→ **Task item**
Within the listing below, give again exactly the lines between the one containing "CRESCENT ADULT DAY CARE INC's Logo" and the one containing "Exclusive Crewel Embroidered", inclusive, pictures left aside.

++++ Supplied records

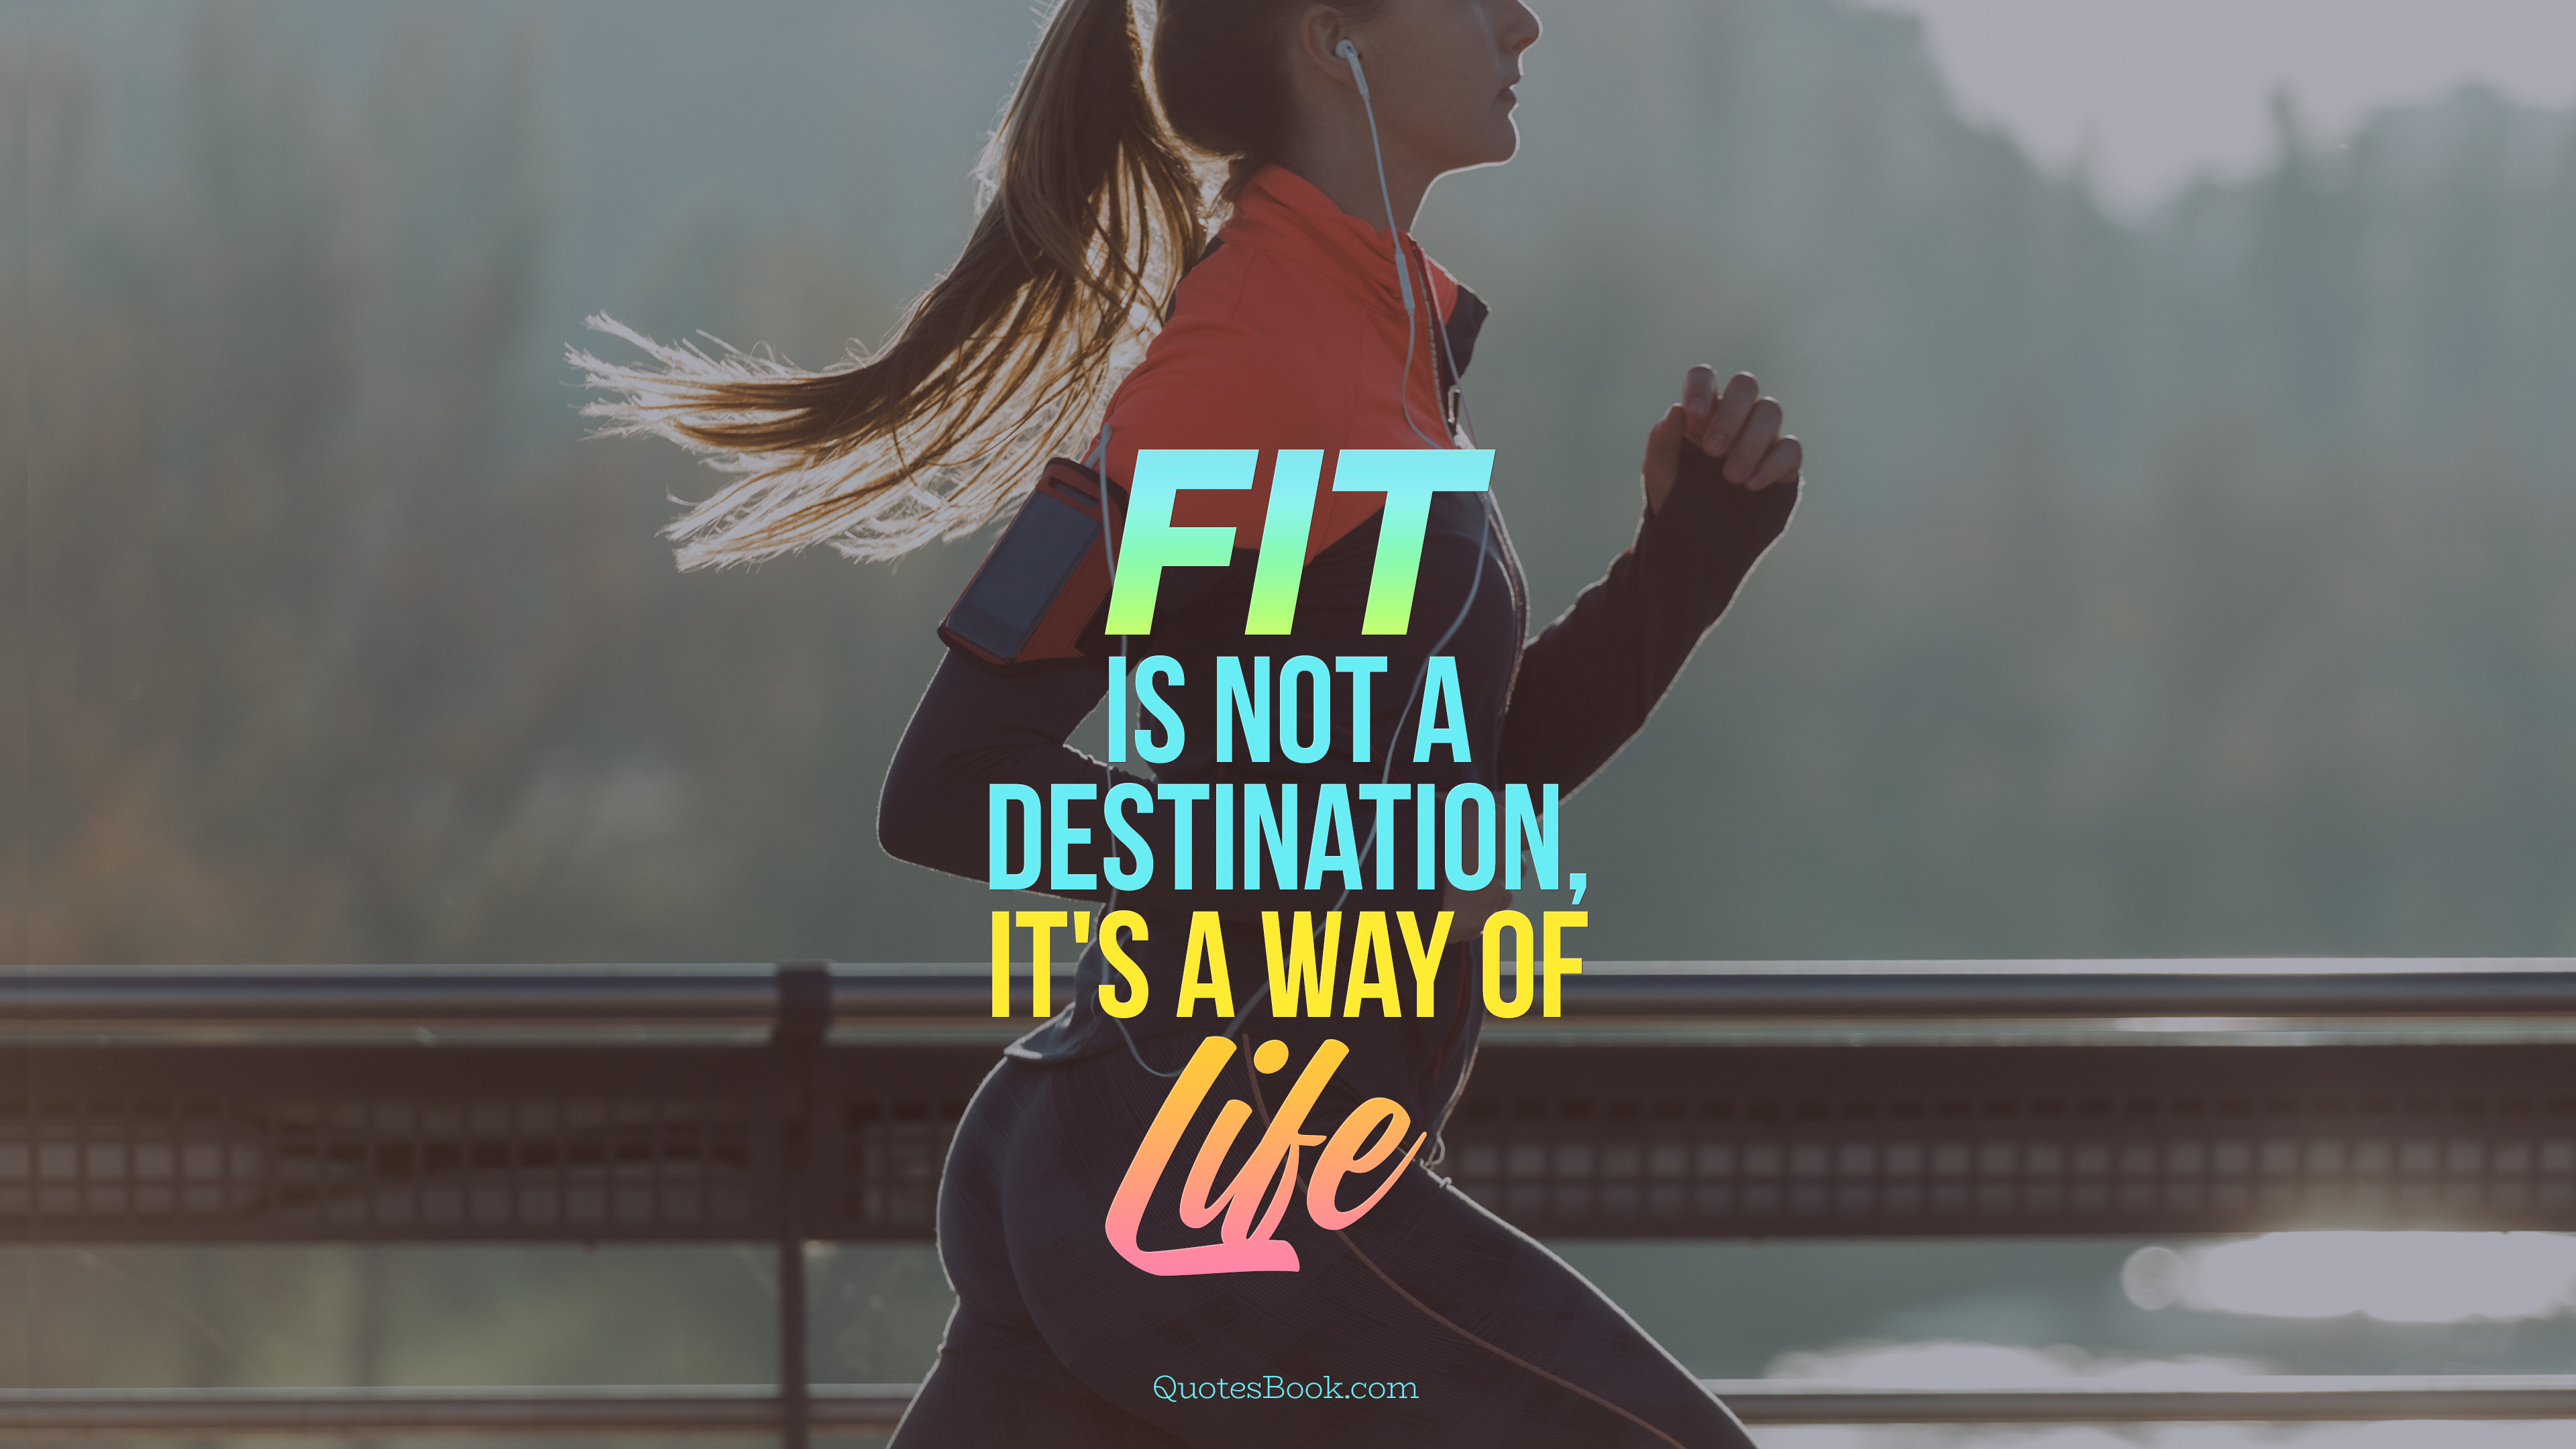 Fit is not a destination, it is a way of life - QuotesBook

++++++++
++++ Supplied records

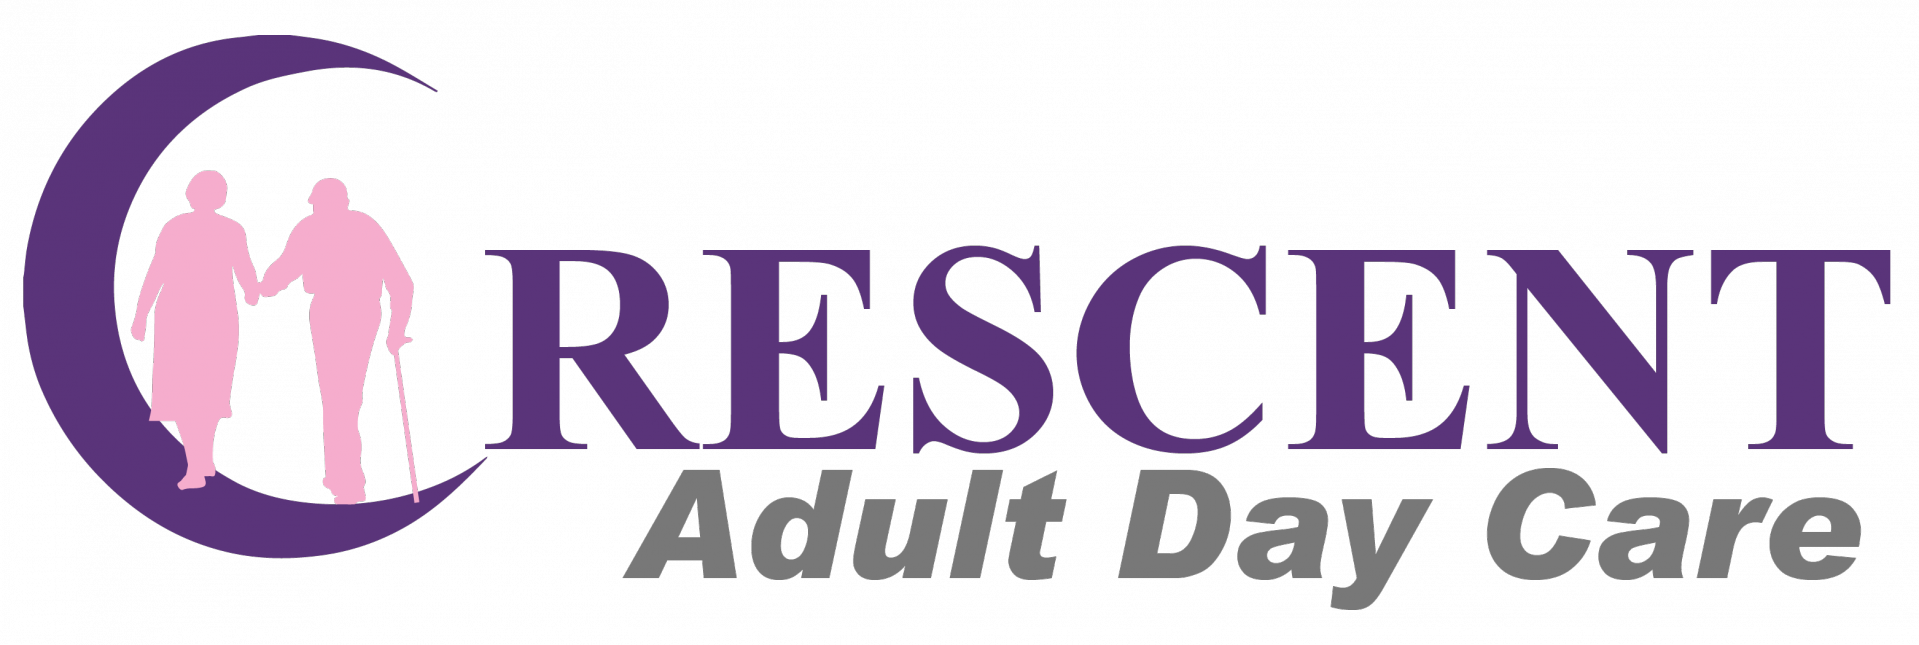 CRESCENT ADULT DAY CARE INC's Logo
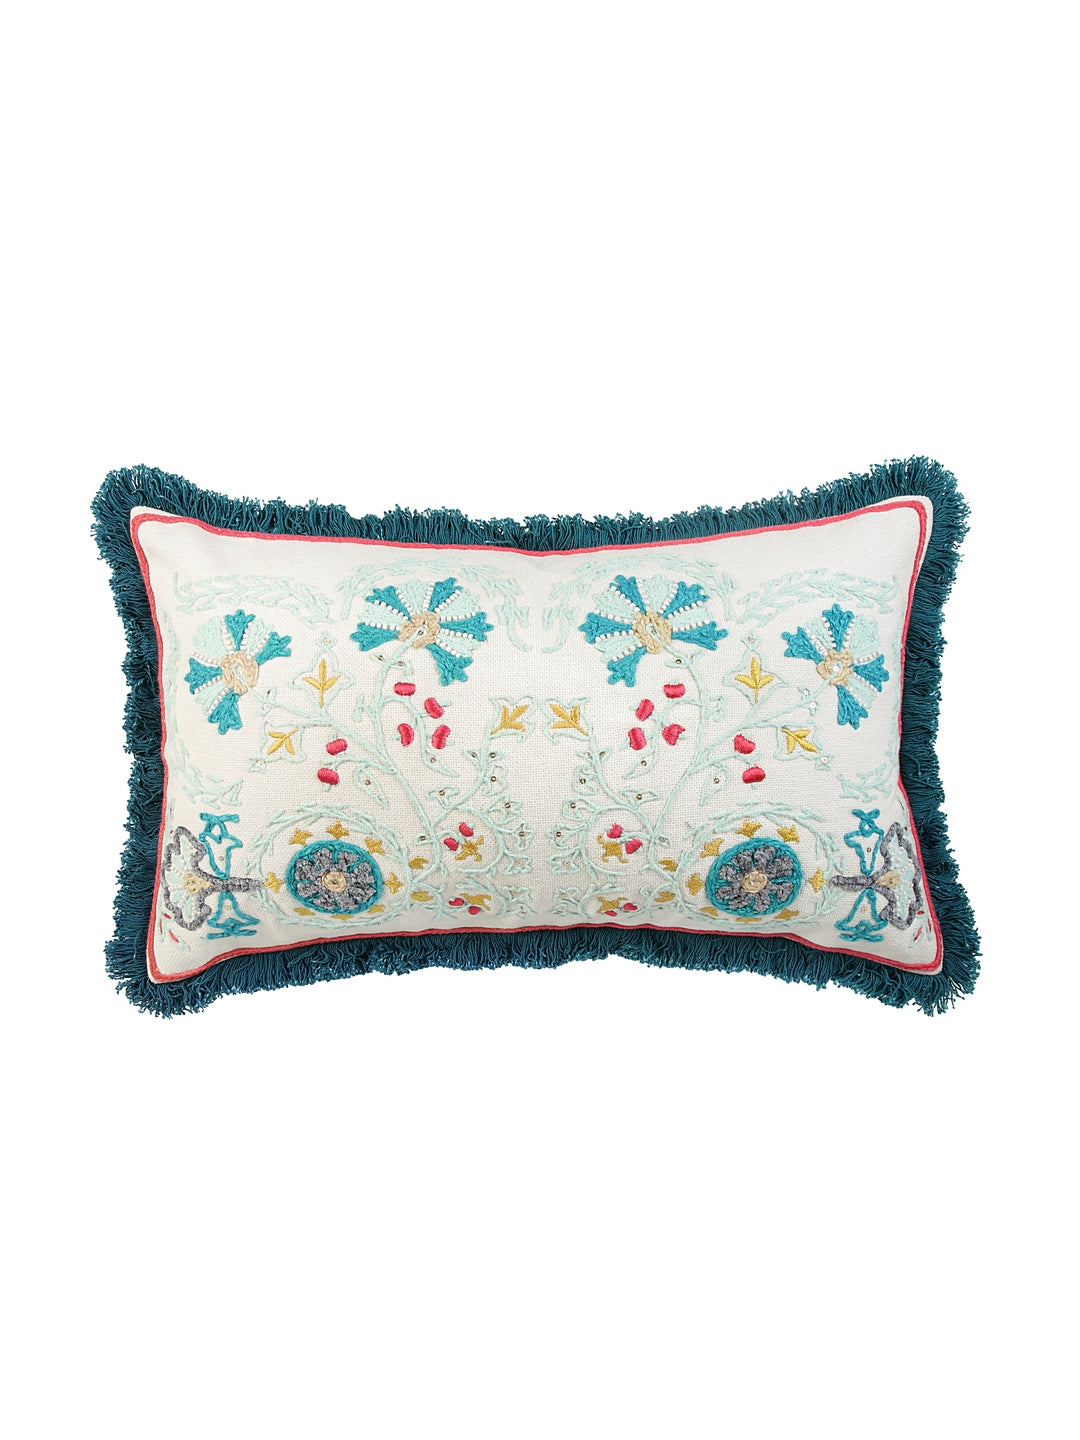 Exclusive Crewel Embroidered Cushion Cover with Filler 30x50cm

++++++++

→ **Task solution**
 CRESCENT ADULT DAY CARE INC's Logo
 Exclusive Crewel Embroidered Cushion Cover with Filler 30x50cm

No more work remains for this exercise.